Unread post by Vrede too » Fri Feb 02, 2018 5:49 pm

Black Swan

Whoa. :clap: :-||

Limelight (1952 film)

Limelight is a 1952 comedy-drama film written, produced, directed by, and starring Charlie Chaplin. The score was composed by Chaplin and arranged by Ray Rasch.

The film stars Chaplin as a washed-up comedian who saves a suicidal dancer from killing herself, played by Claire Bloom, and both try to get through life; additional roles are provided by Nigel Bruce, Sydney Earl Chaplin, Wheeler Dryden, and Norman Lloyd with an appearance from Buster Keaton. In dance scenes, Bloom is doubled by Melissa Hayden.

Upon the film's release, critics' reception was divided; it was heavily boycotted in the United States, and commercially failed. However, the film was re-released in the United States in 1972 which included its first screening in Los Angeles. This allowed the decades-old film to be in contention for the 45th Academy Awards where Chaplin won his only competitive Academy Award. Today, the film is sometimes regarded as one of Chaplin's best and most personal works, and has since attained a cult following.

... Chaplin chose stage actress Claire Bloom for the role of Terry, her first major film role....

The pairing of Chaplin and Buster Keaton in the final musical number is historic for being the only time the two performed together on film. Chaplin at first had not written the part for Keaton because he believed that the role was too small. It was not until he learned that Keaton was going through hard times (before Limelight, Keaton had gone through a disastrous marriage, lost most of his fortune in the divorce process, and had appeared infrequently in films in the preceding years) that Chaplin insisted Keaton be cast in the film....

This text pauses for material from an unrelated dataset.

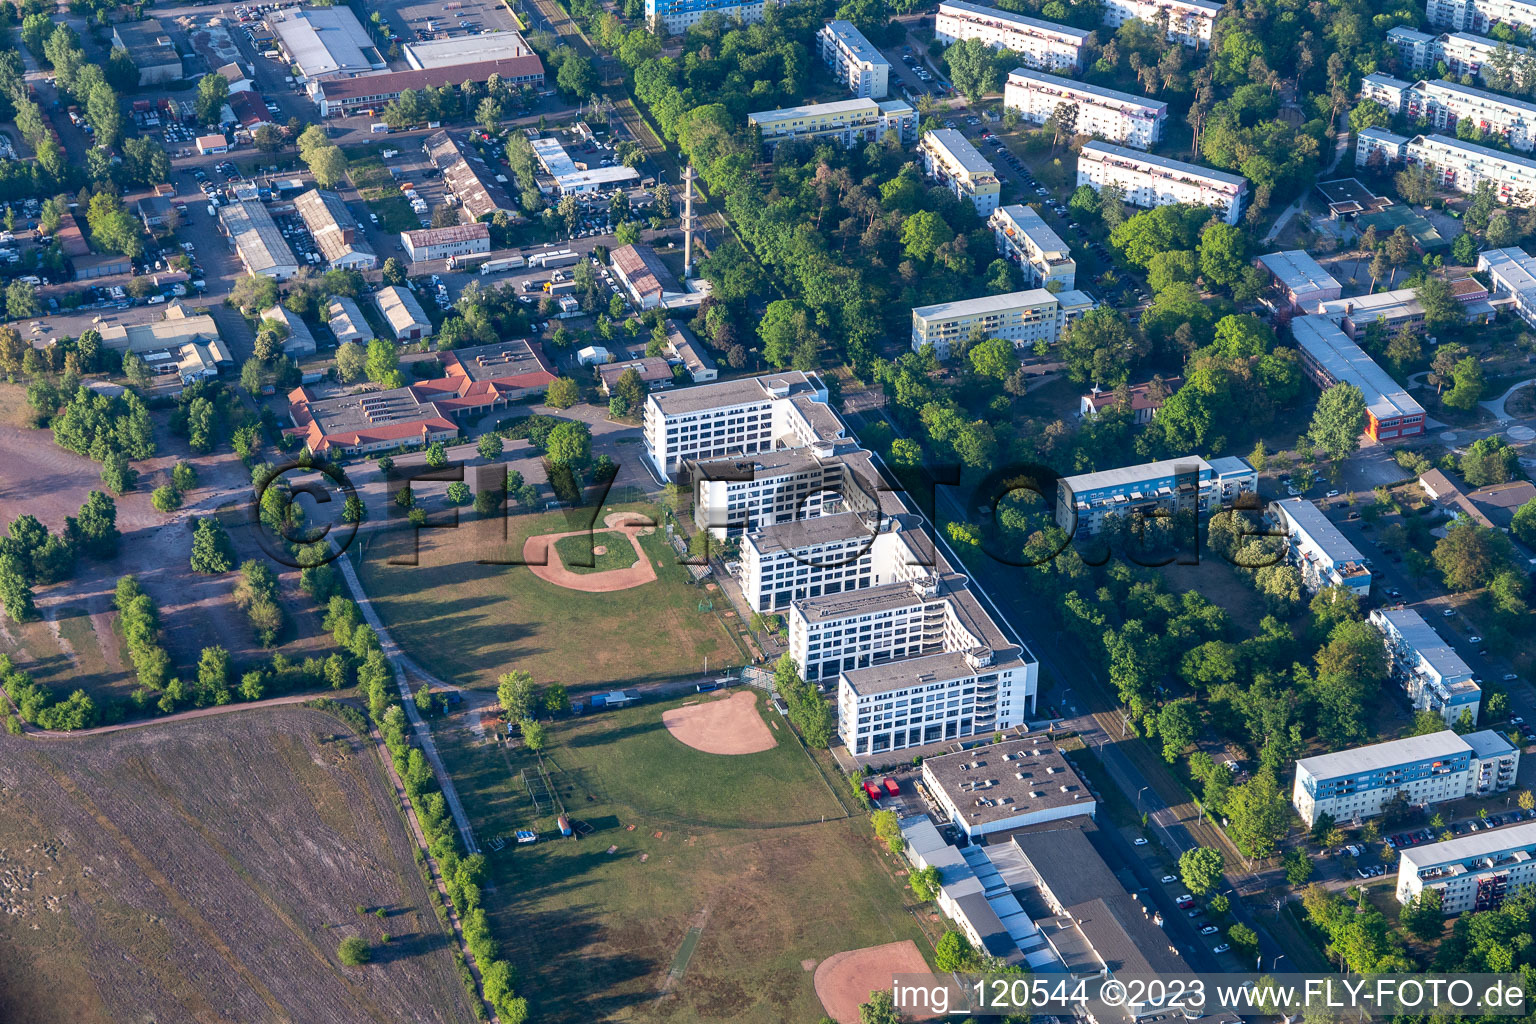 Cooperative university on Erzbergerstrasse in the district Nordstadt in Karlsruhe in the state Baden-Wuerttemberg, Germany

While touring Britain to promote the film, Chaplin learned that he had been refused a re-entry visa to the United States because of his alleged communist sympathies, and many American theaters refused to play Limelight. Outside of cinemas in several East Coast cities, the film was not seen by the American moviegoing public. It was not until 1972 that the film was finally seen in wide American release. Limelight currently holds an excellent 96% on Rotten Tomatoes. The film was massively popular in Japan. It was enormously successful in Europe and around the world. However, in the US it was a relative disappointment, only taking in $1 million.

Limelight enjoyed a cumulative worldwide gross of $8 million. Chaplin biographer Jeffrey Vance notes that the film’s reputation has slowly grown over the decades. Vance maintains "Limelight is Chaplin's last great film, and it plays like a self-conscious summing up of his life and career. As a journey back to his beginnings and an often rapier-sharp self-critique, Limelight is Chaplin’s most deeply personal and introspective film." ...
:clap:

Claire Bloom became a huge star, continuing through 2010's The King's Speech and beyond.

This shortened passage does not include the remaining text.